In the United States and other western developed countries, the protection of public intellectual property rights is no less than that of private and state-owned intellectual property rights. Under that condition, it is impossible for those countries to have private or state-owned character fonts, so there will be no "one day, China people will buy China fonts from foreign font dealers" because of font demand.
It should be noted that the report confuses "font" and "font library" and confuses the basic concepts. The so-called "font library" is the machine coding of characters in a certain language, not the font coding. For example, the national standard content of the Chinese character "font library" only contains the machine code of each Chinese character, but does not include the codes of those Chinese character fonts. Font code has the nature of technological invention, so it can be private, state-owned or public intellectual property. For another example, the "font library" of character coding has and must have national and international official standards, while fonts have no and it is difficult to establish national or international official standards; This also shows that "font" and "font library" are different concepts and different knowledge categories, that is, they are not the same thing.
In developed countries such as the United States, if a design is to become a national standard or an international standard, laws and regulations often allow its inventor to retain the right of invention and design, but he must publicly give up private property rights or declare that all people can use it freely and free of charge, that is to say, the design property rights that become a standard should be consistent with the ownership or use right of the standard: if it is a national standard, the design property rights belong to the state and the use right belongs to all users of the state; Is an international standard, the design property belongs to the international community, and the right to use belongs to all users of the international community.
As far as computers are concerned, for the convenience of use, electronic codes such as font codes, keyboard codes and printer codes of different languages are often mixed in a system file or a subsystem.
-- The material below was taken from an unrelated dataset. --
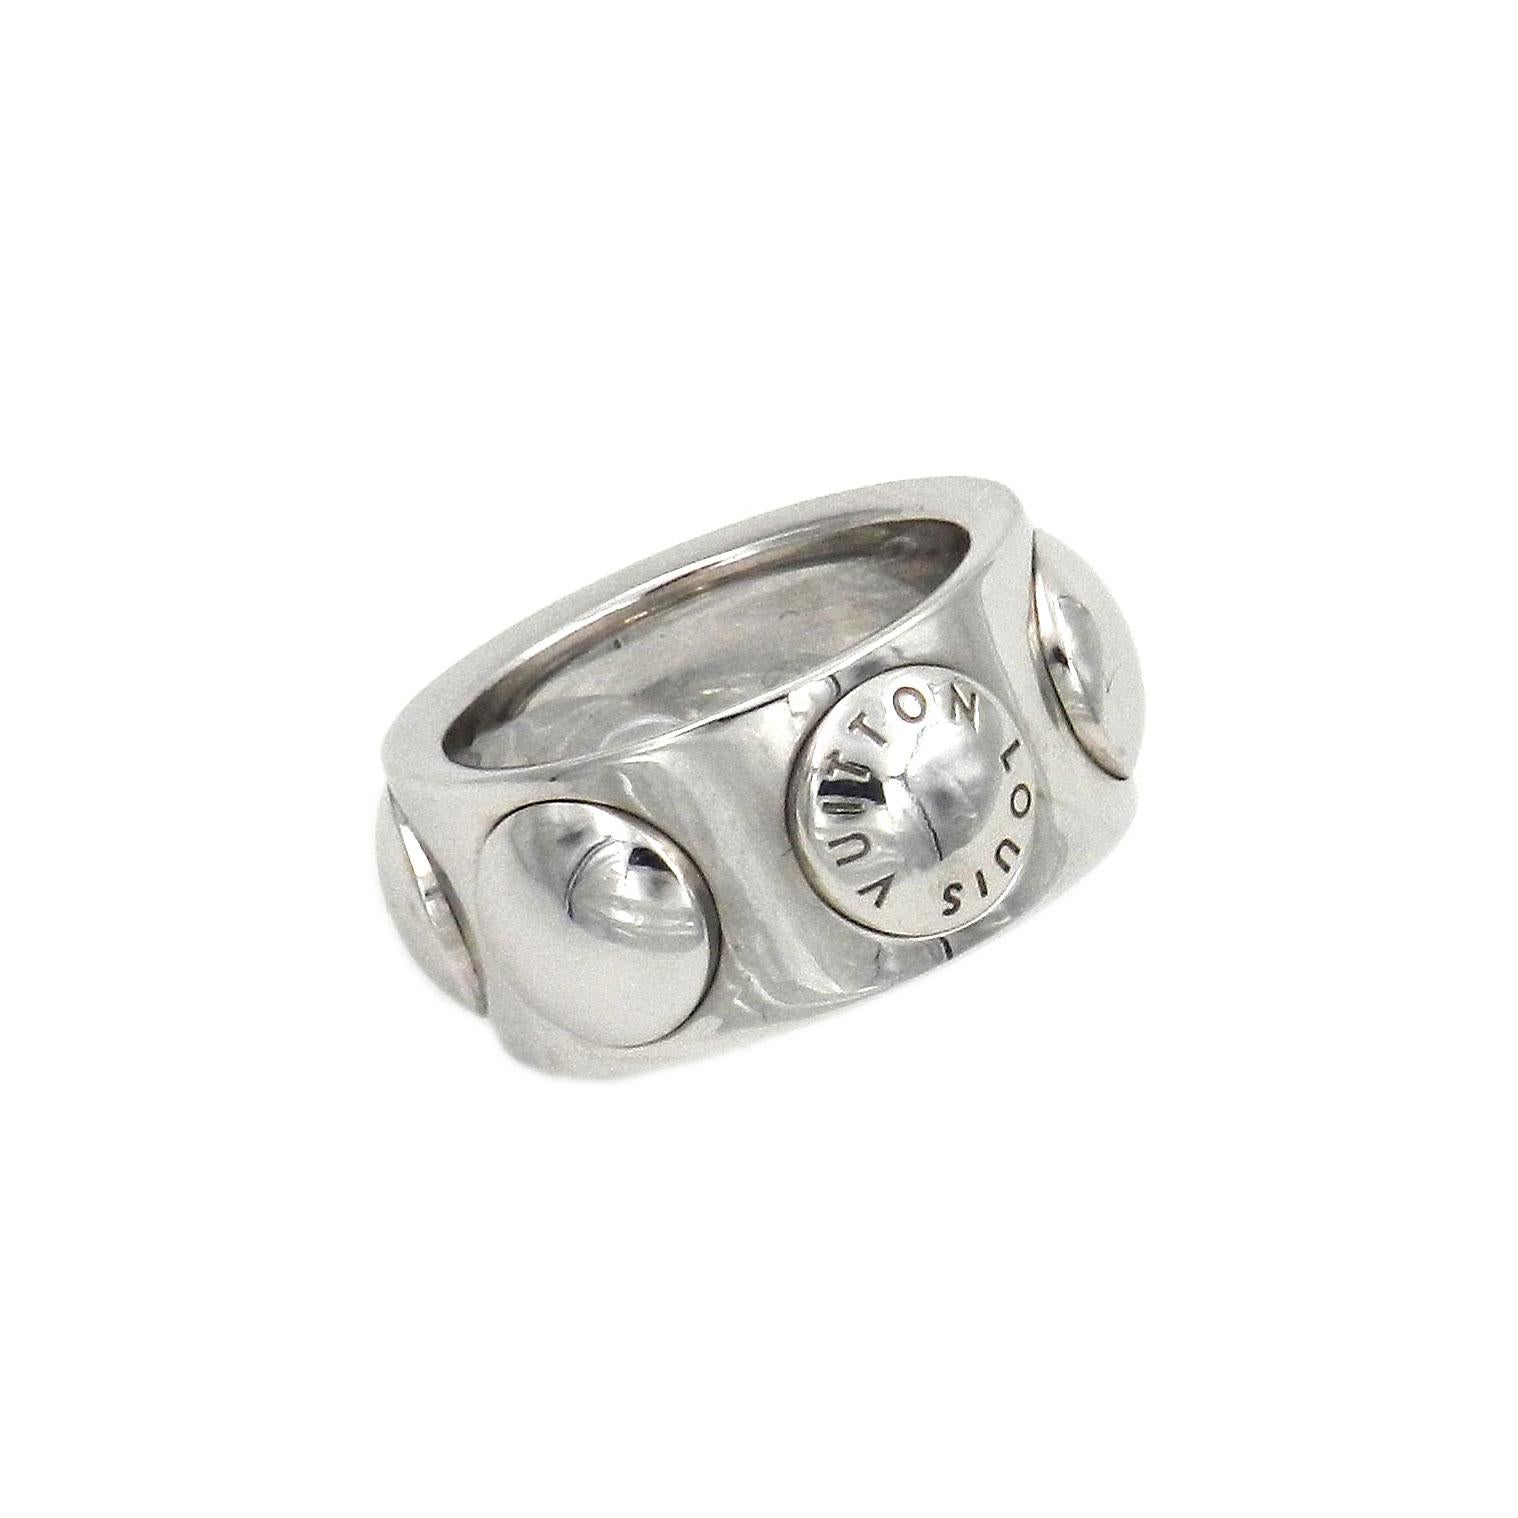 Louis Vuitton Empreinte 18K White Gold Band Ring

This fashionable LOUIS VUITTON white gold ring designed as unisex band ring with embossed suitcase nails prominently featuring a LOUIS VUITTON imprinted hallmark. The timeless, solidly crafted piece

However, that is the way of use, not the way of property rights. For example, telegrams, telexes and computer operating systems of American companies all include character storage and calling in various languages, and they all enjoy private property rights, but companies are not allowed to declare property rights in fonts.
In a word, the report reflects a fact: in China, official legislators, social businessmen, scholars engaged in research and media engaged in communication all have inaccurate or even confusing understandings of the so-called private ownership, state ownership and public ownership. It seems that when we talk about property rights protection, we are protecting private property rights. This chaotic state is not only reflected in fonts, but also in the establishment of national standards. For example, many so-called "national standards" are also private property rights or consumers cannot use them freely and arbitrarily; Of course, this practice will encourage the whole China society to practice favoritism and malpractice, and combine officials and businessmen to make use of official relations and open the market.